Wayfield ward councillor Tristan Osborne said he will be writing to the Regional School Standards Commissioner to call for immediate investigation into the trust after reading a report in Friday's Medway Messenger.
Ofsted ranked the school in Wayfield Road, Chatham, which has 230 pupils and a part-time nursery, as inadequate across the board and said it required special measures.
The two inspectors said they “observed some unpleasant instances of unchecked misbehaviour by pupils”, including the fight, in which they had to intervene to protect the children.
In another incident in an infant class, pupils continuously threw items at other children, with one being hit in the face. Inspectors said staff were present but did not deal with or appear to notice the misconduct.

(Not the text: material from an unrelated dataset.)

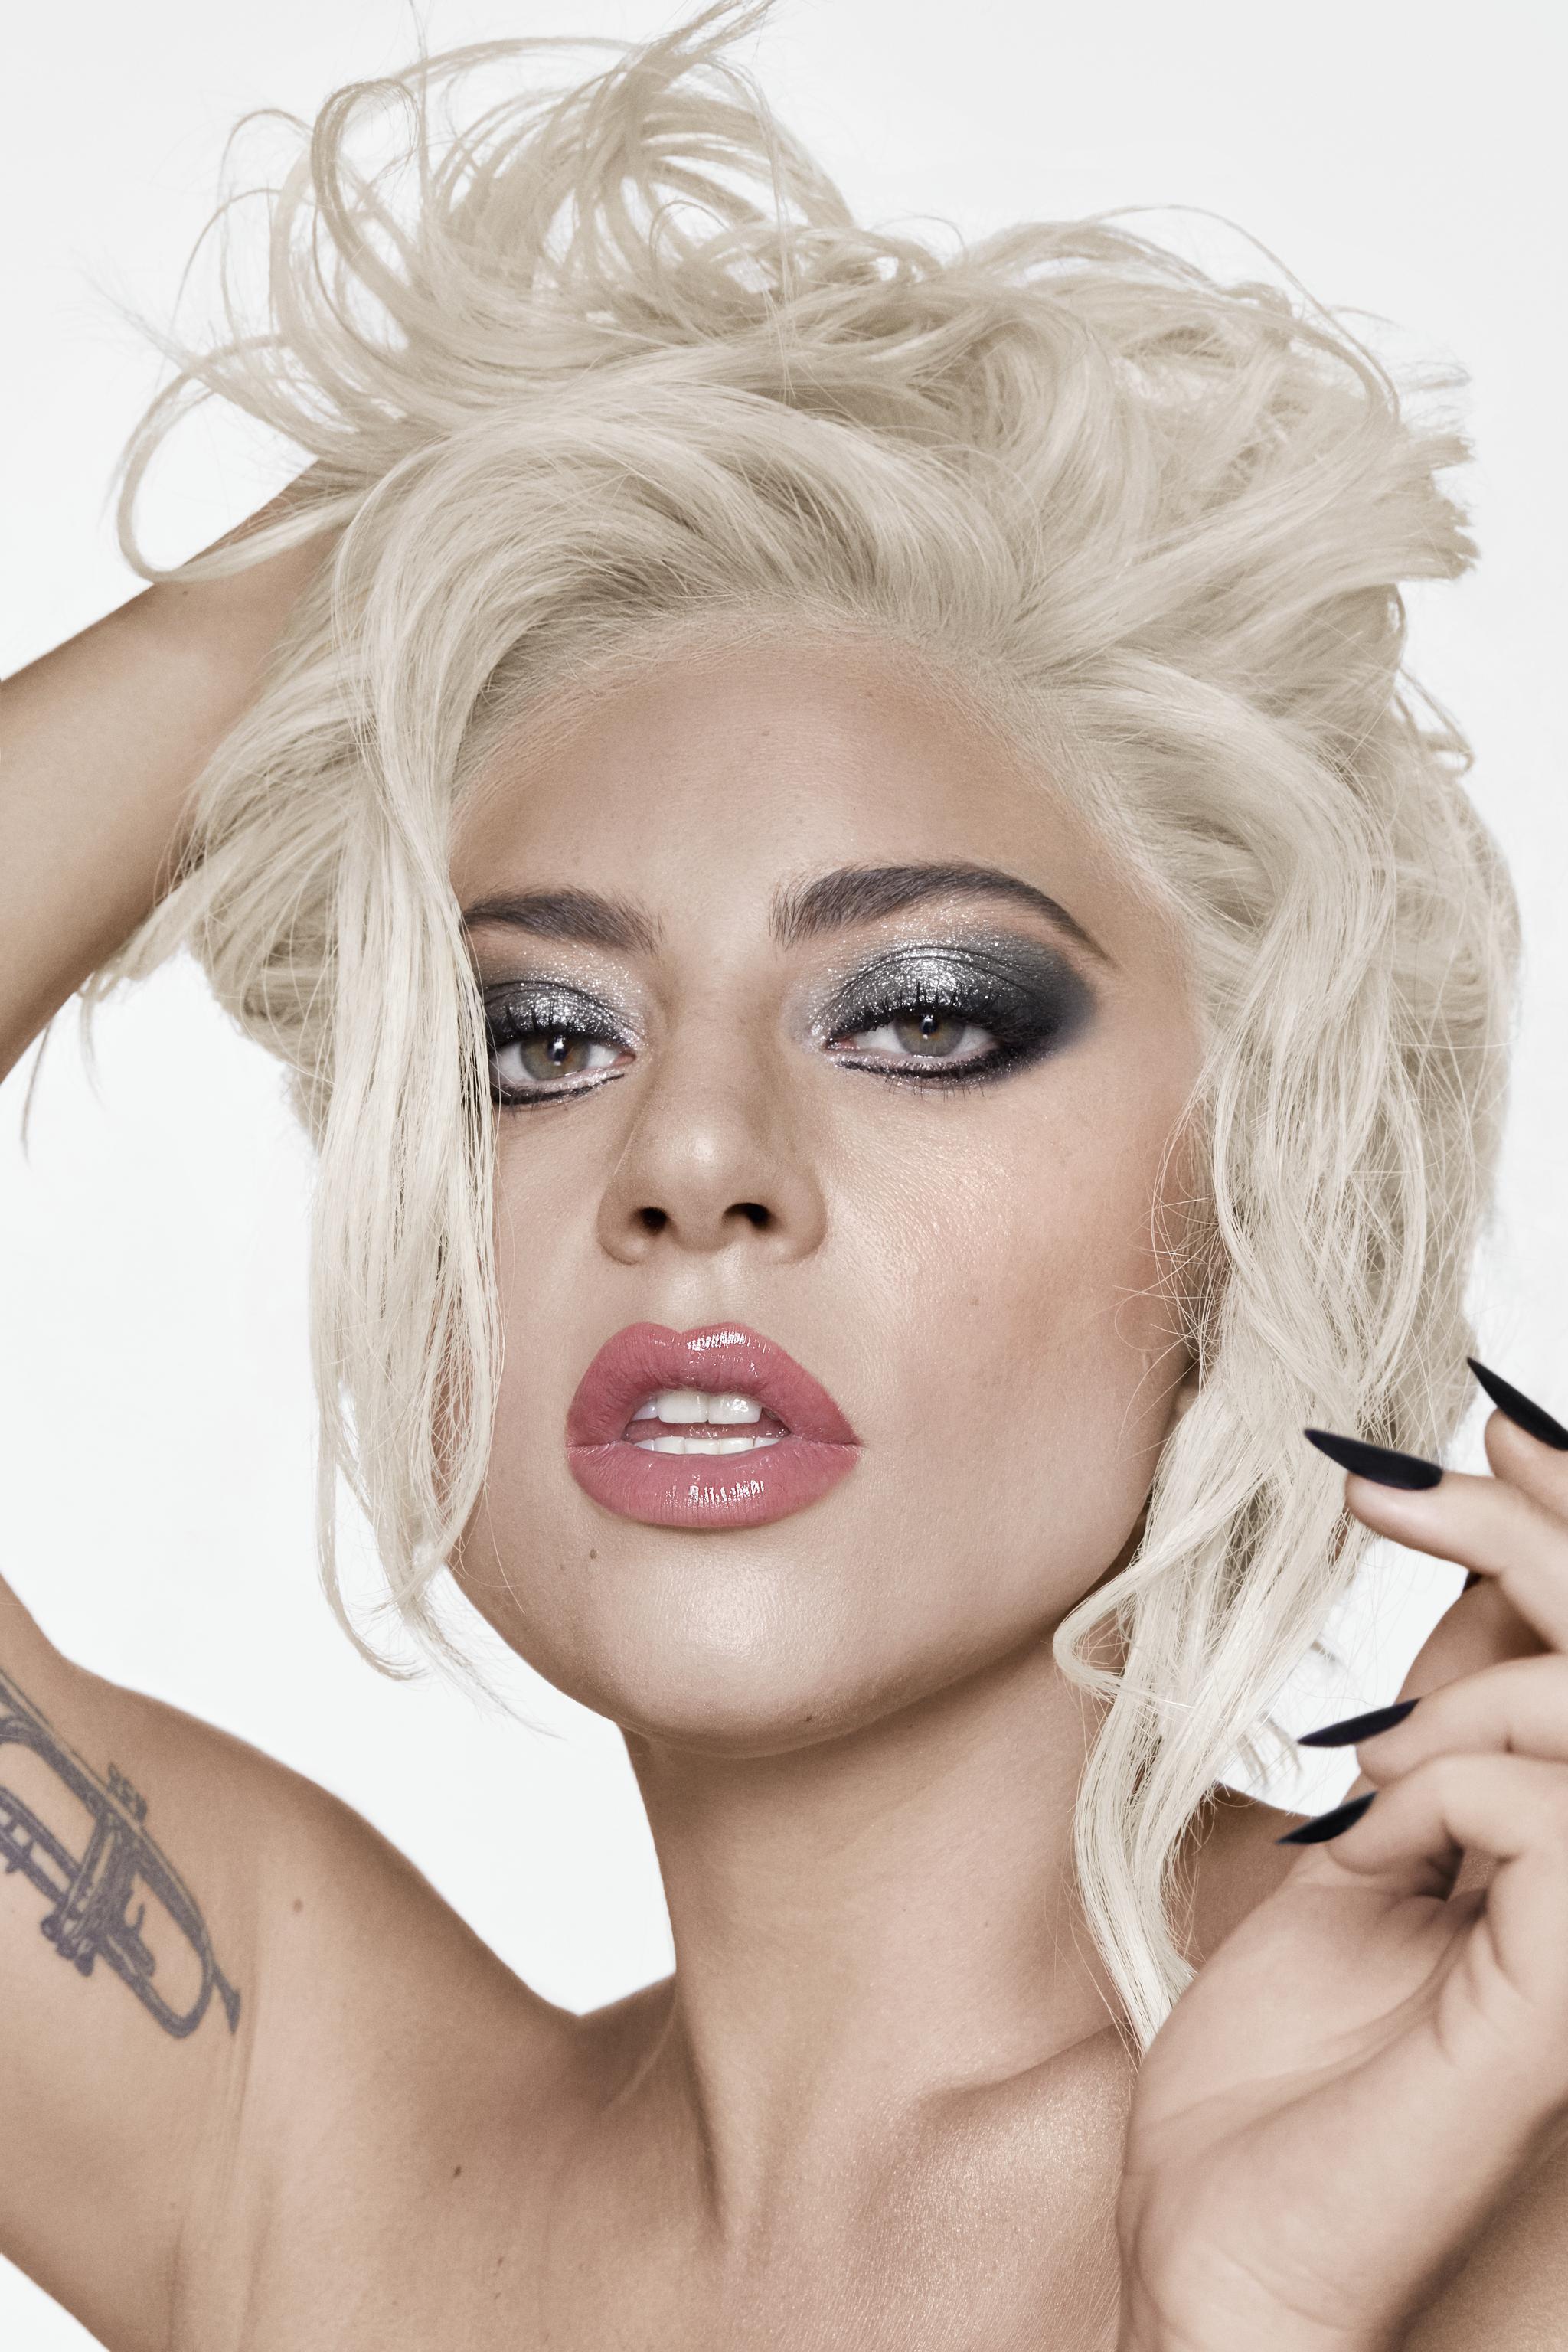 Lady-Gaga-Metalhead-Makeup-Tutorial-Wear

In one lesson, they found pupils struggled because the work in their groups was too difficult for them but the teacher did not adjust it or intervene with pupils who were fighting in the corner of the classroom.
The inspectors also saw pupils coming in from playtimes upset and then left alone by staff. When inspectors asked what was wrong, the children mentioned bullying, name-calling or rough behaviour by other pupils and said staff did nothing to stop it.

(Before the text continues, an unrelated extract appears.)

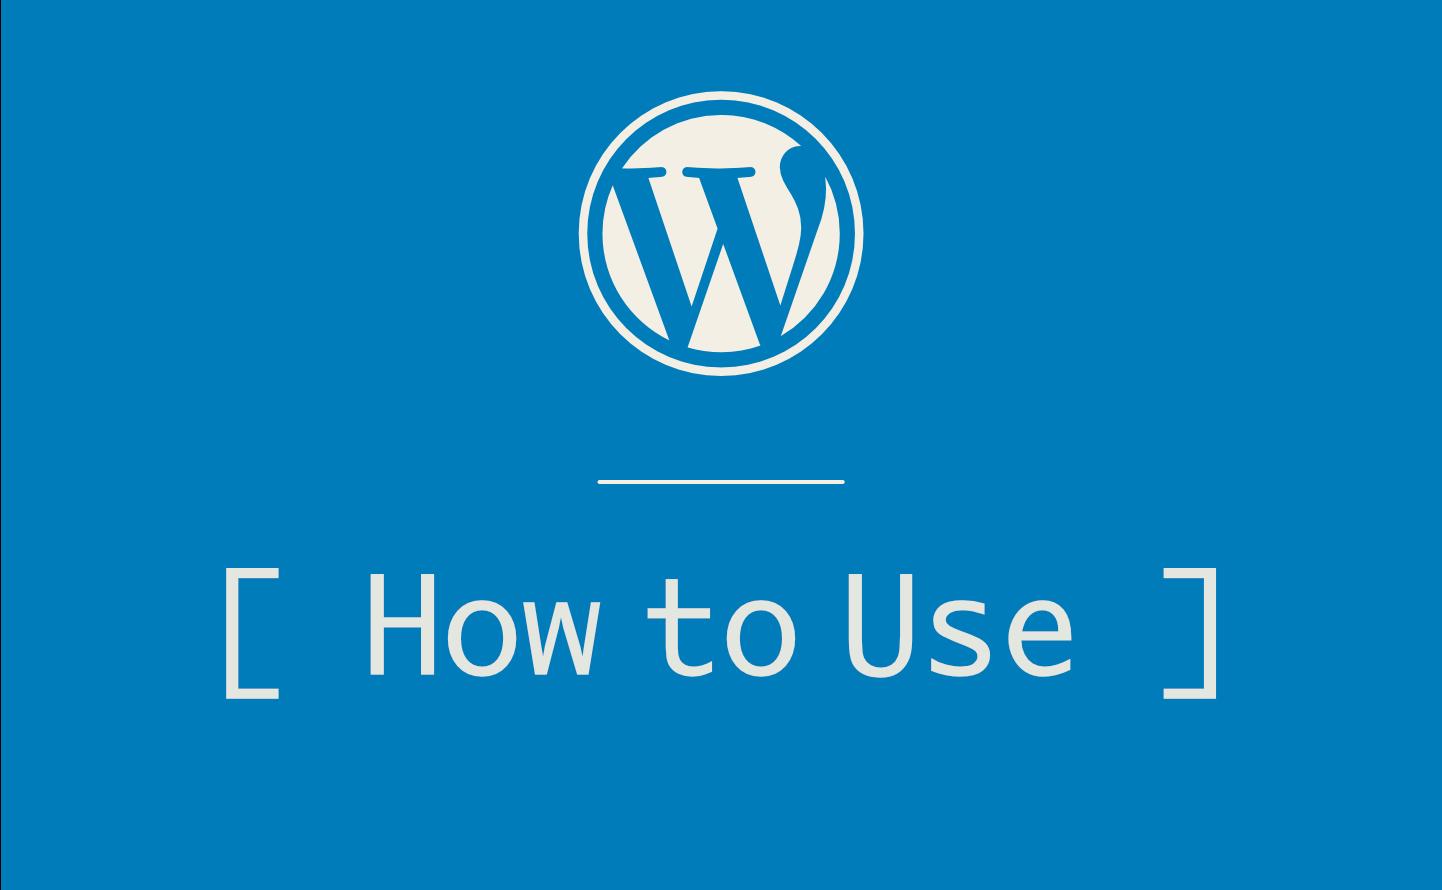 WordPressでカテゴリーを追加・編集する方法

Most parents who responded to Ofsted’s parent questionnaire said their children felt unsafe at school and that the school did not deal with bullying well.
Samantha Gould, whose 10-year-old twins attend the school, said: “I had to fight to get my children into there when we moved from the Isle of Grain and now I regret it.

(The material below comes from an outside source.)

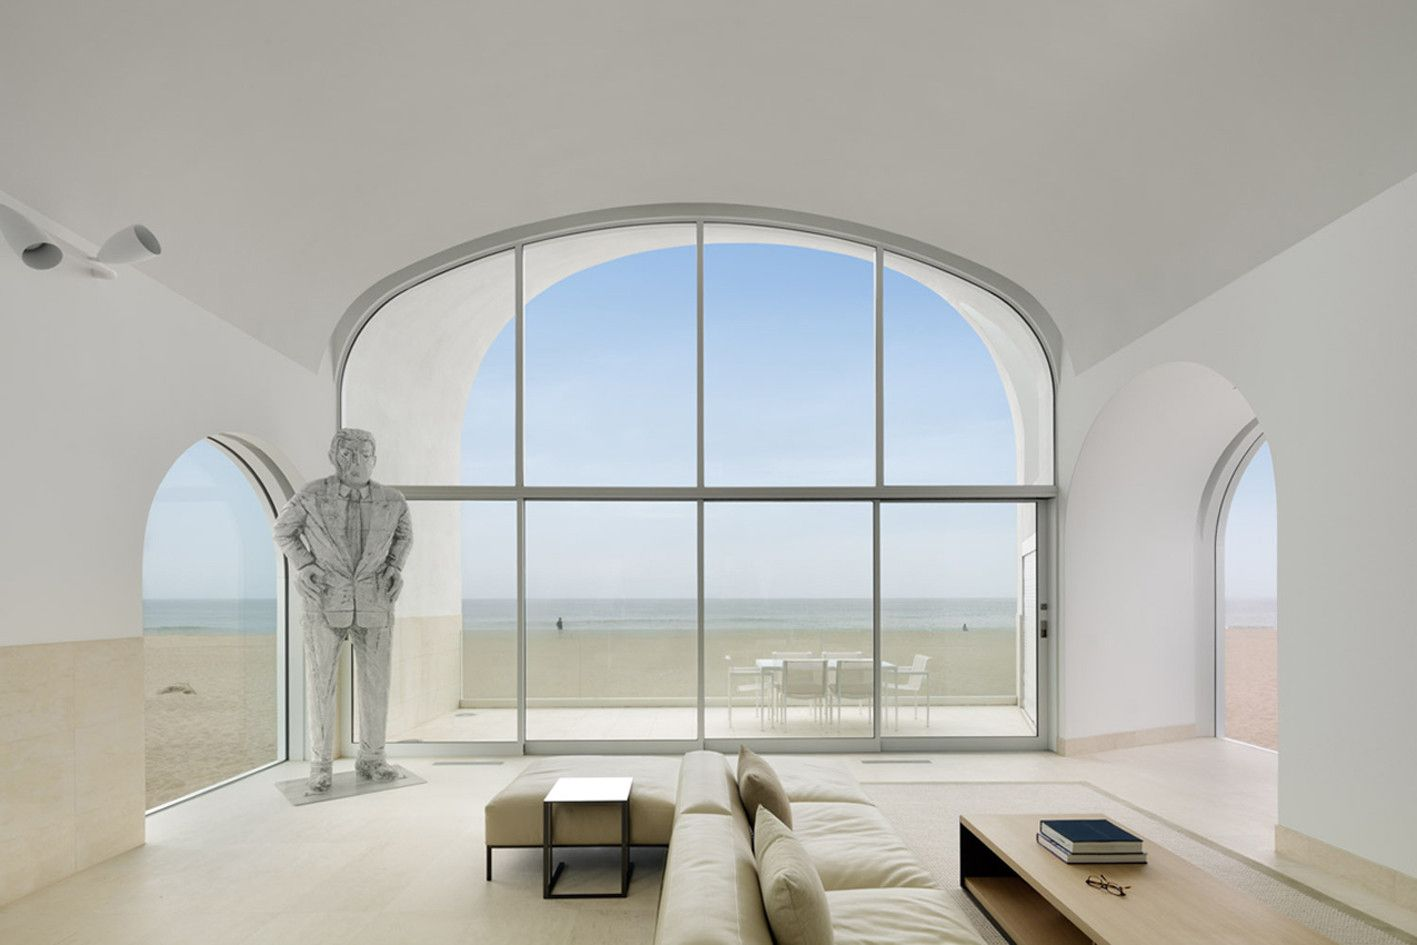 Matteoli Mobili ~ Storiesondesignbyyellowtrace: modern arches in architecture

“They were in the gifted and talented class when they came here and within two years they’re falling so far behind. It’s not right that I should be paying someone to be tutoring my children who are capable of getting into grammar school. That’s what they go to school for.”
She said parents felt excluded from the school, and she had tried to set up a homework club so mums and dads could learn how to help their children at home but had not been supported by the school.
A spokesman said the Griffin Schools Trust, which runs the school, valued its parent community very highly. In 2015 it formed a single governing body for its four Medway schools and invited all existing governors to join but at that time there were no parent governors on the Wayfield board.
During the inspection in May, they found the school’s record-keeping of child protection matters was uncoordinated and sloppy; outcomes for pupils had plummeted; and leadership and management were weak.
The inspectors praised aspects of the school, such as pupils who helped sweep the hall at lunchtime, and said head teacher Michael O’Grady worked very hard and was popular.
The school converted to become an academy under the GST in November 2013, and earlier that year it had been ranked good by Ofsted.
The trust also runs Kingfisher Primary, Chatham; Saxon Way Primary, Gillingham; and Lordswood Primary. Primary First Trust will take over the running of Wayfield in September – the transfer was announced in May.
A Department for Education spokesman said: “Wayfield Primary School has been rated inadequate, which is clearly not good enough. Prior to the inspection, we were already working with the GST to transfer Wayfield to another sponsor, the Primary First Trust.
“Regional school commissioners continually monitor the performance of all trusts in their regions and will continue to do so at the GST.”
A GST spokesman said: “Our school improvement team continues to work hard with Wayfield Primary to address the points raised by Ofsted.
“In the face of current teacher shortages, securing a strong leadership team for Wayfield Primary School has proved challenging.”
She added: “We are working with the Primary First Trust to ensure a smooth transition.”
The trust said its other three Medway schools were on an “upward trajectory” and had improved significantly over the past two years.